Ricardo García

Personal information
- Full name: Ricardo Antonio García Rodríguez
- Date of birth: 31 July 1955
- Place of birth: Puntarenas, Costa Rica
- Date of death: 12 December 2007 (aged 52)
- Place of death: Puntarenas, Costa Rica
- Position: Defender

Senior career*
- Years: Team / Apps / (Gls)
- 1976–1989: Municipal Puntarenas /  / (12)

International career
- Costa Rica / 17

= Ricardo García (footballer) =

Costa Rican footballer (1955-2007)

Ricardo Antonio García Rodríguez, also known as Sardina (31 July 1955 – 12 December 2007), was a Costa Rican professional footballer who played his entire career for Municipal Puntarenas.

==Club career==
García won the 1986 Primera Division de Costa Rica title alongside players like Leonidas Flores and Luis Galagarza with hometown club Puntarenas.
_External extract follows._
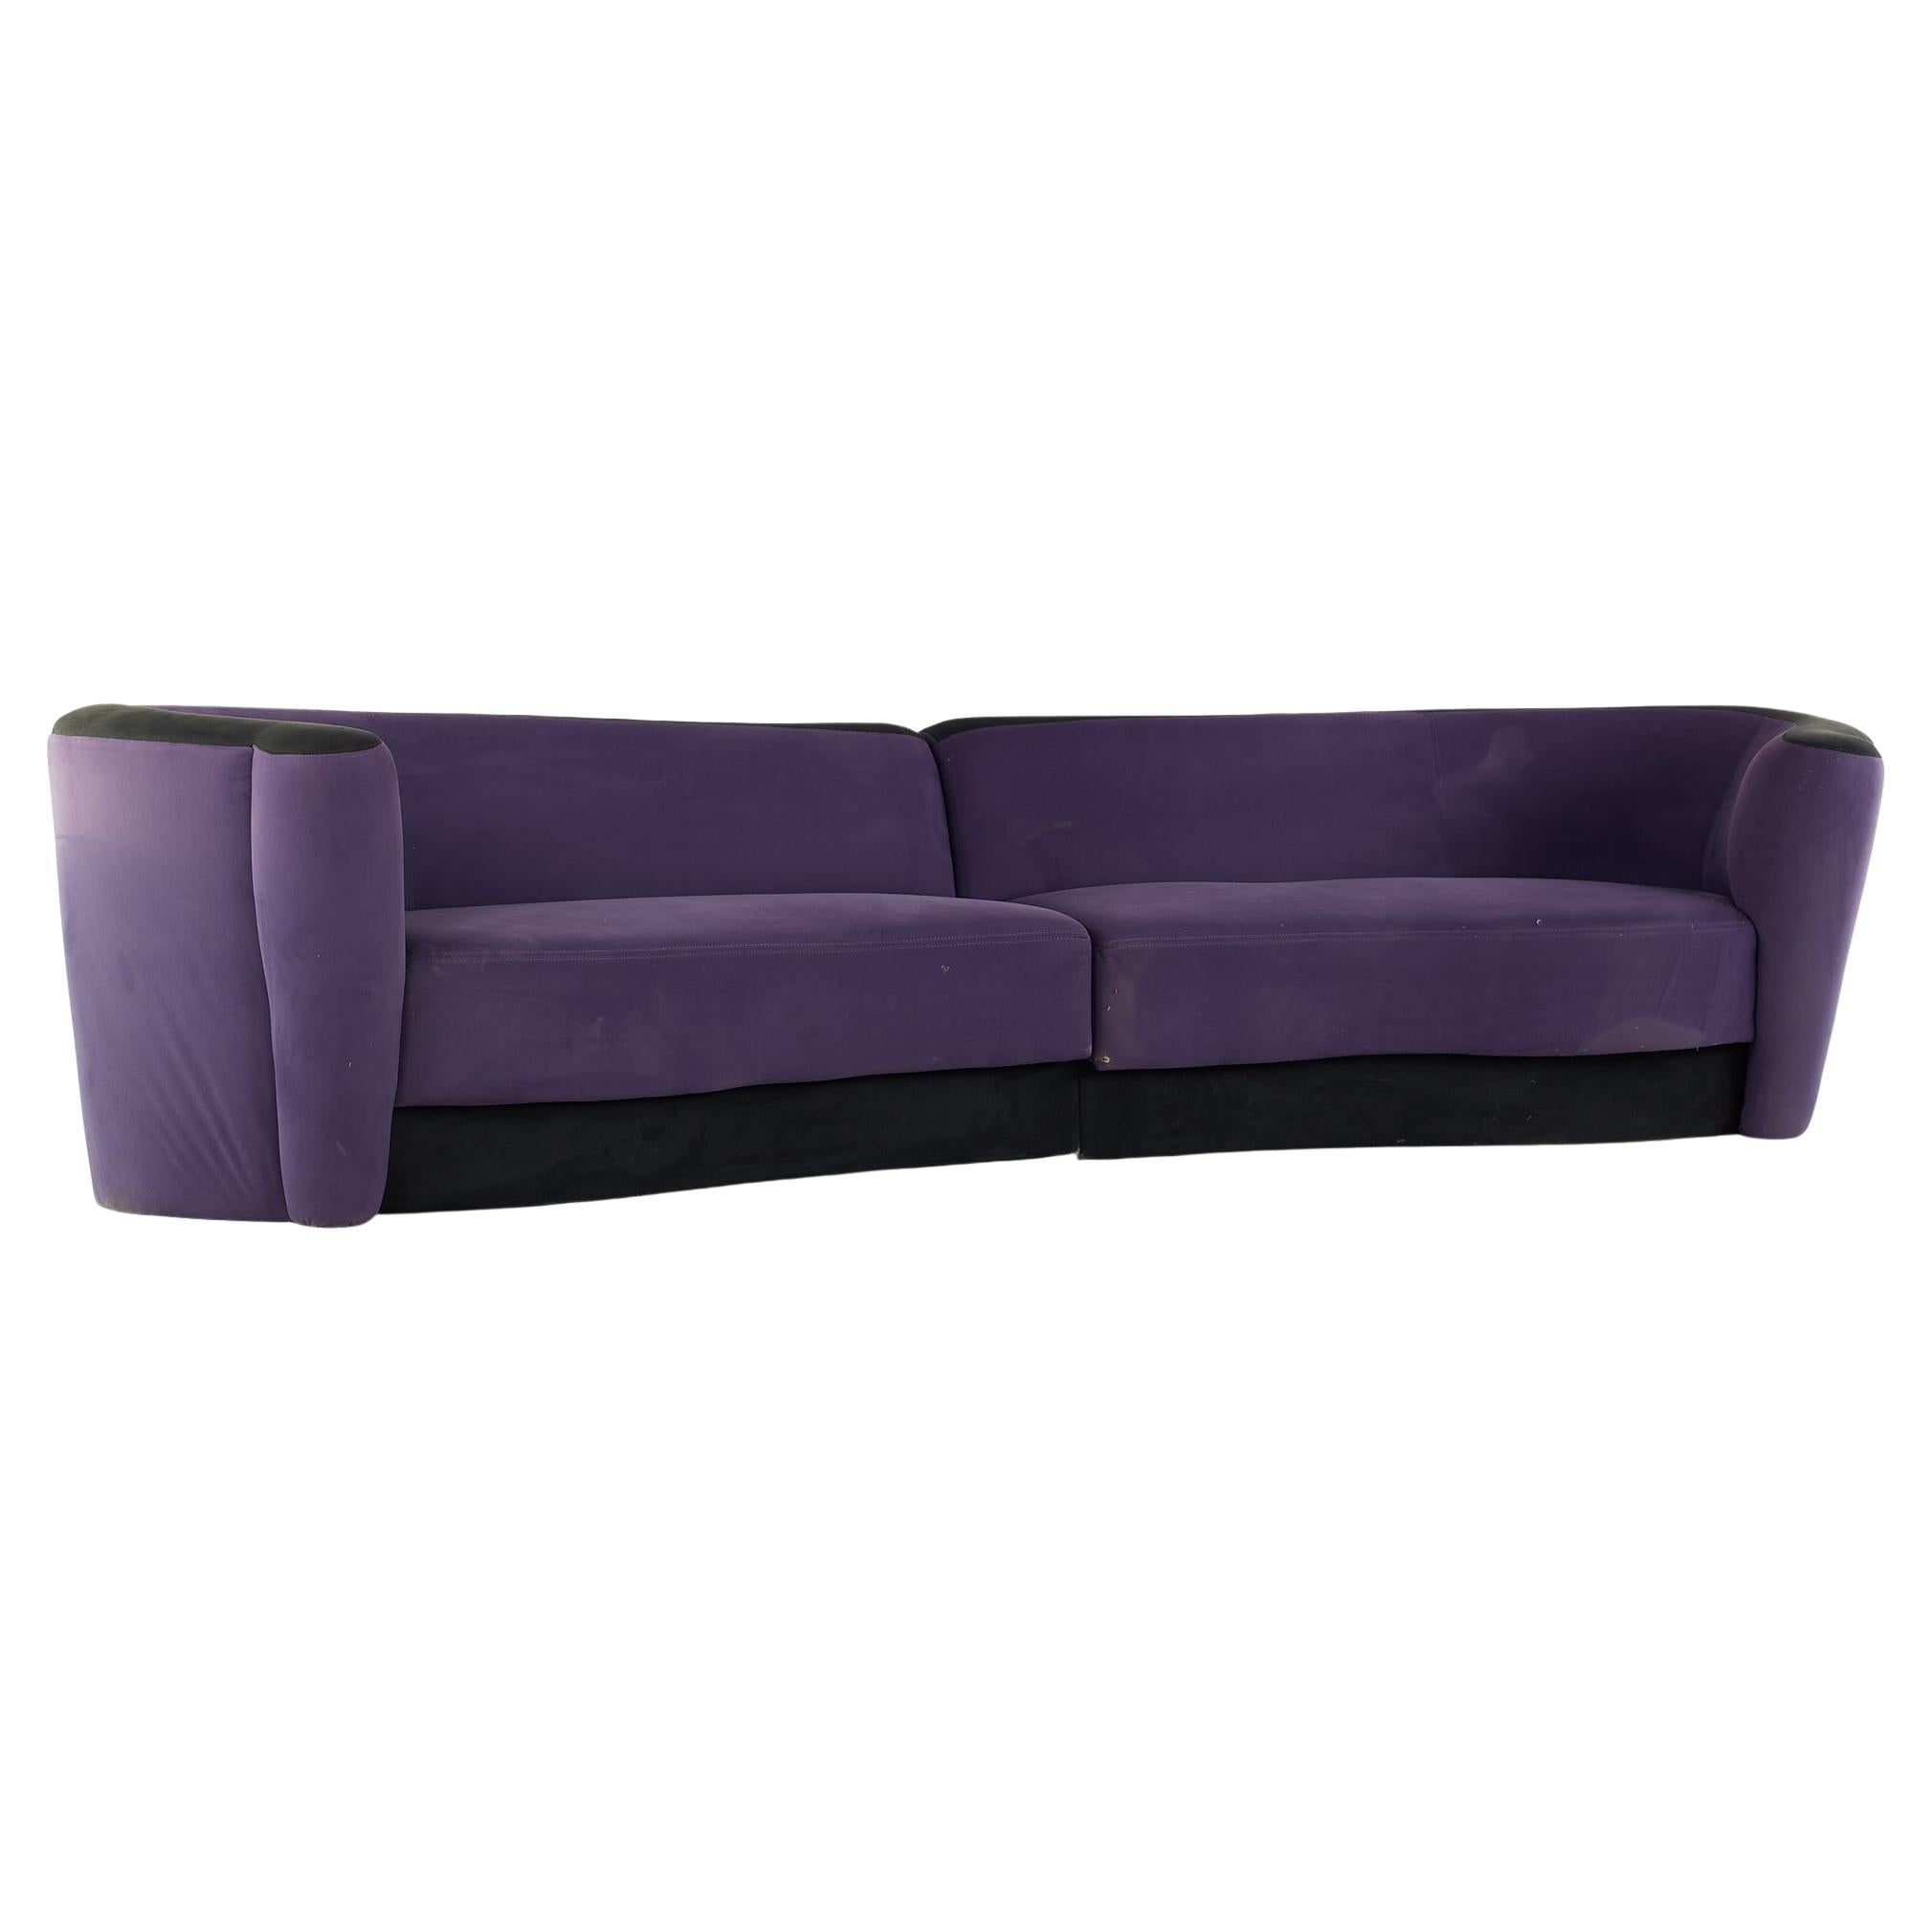 Kagan Style Midcentury Plinth Base 2 Piece Sofa For Sale

He alo won the second division title with them in 1976 and retired in 1989.

==International career==
He also made 17 appearances for the full Costa Rica national football team. He also played at the 1980 Olympic Games.

==Personal life and death==
García's son, also named Ricardo (Garciá Carvajal), is a professional footballer who plays for Puntarenas

García committed suicide in the El Roble district of Puntarenas on 12 December 2007.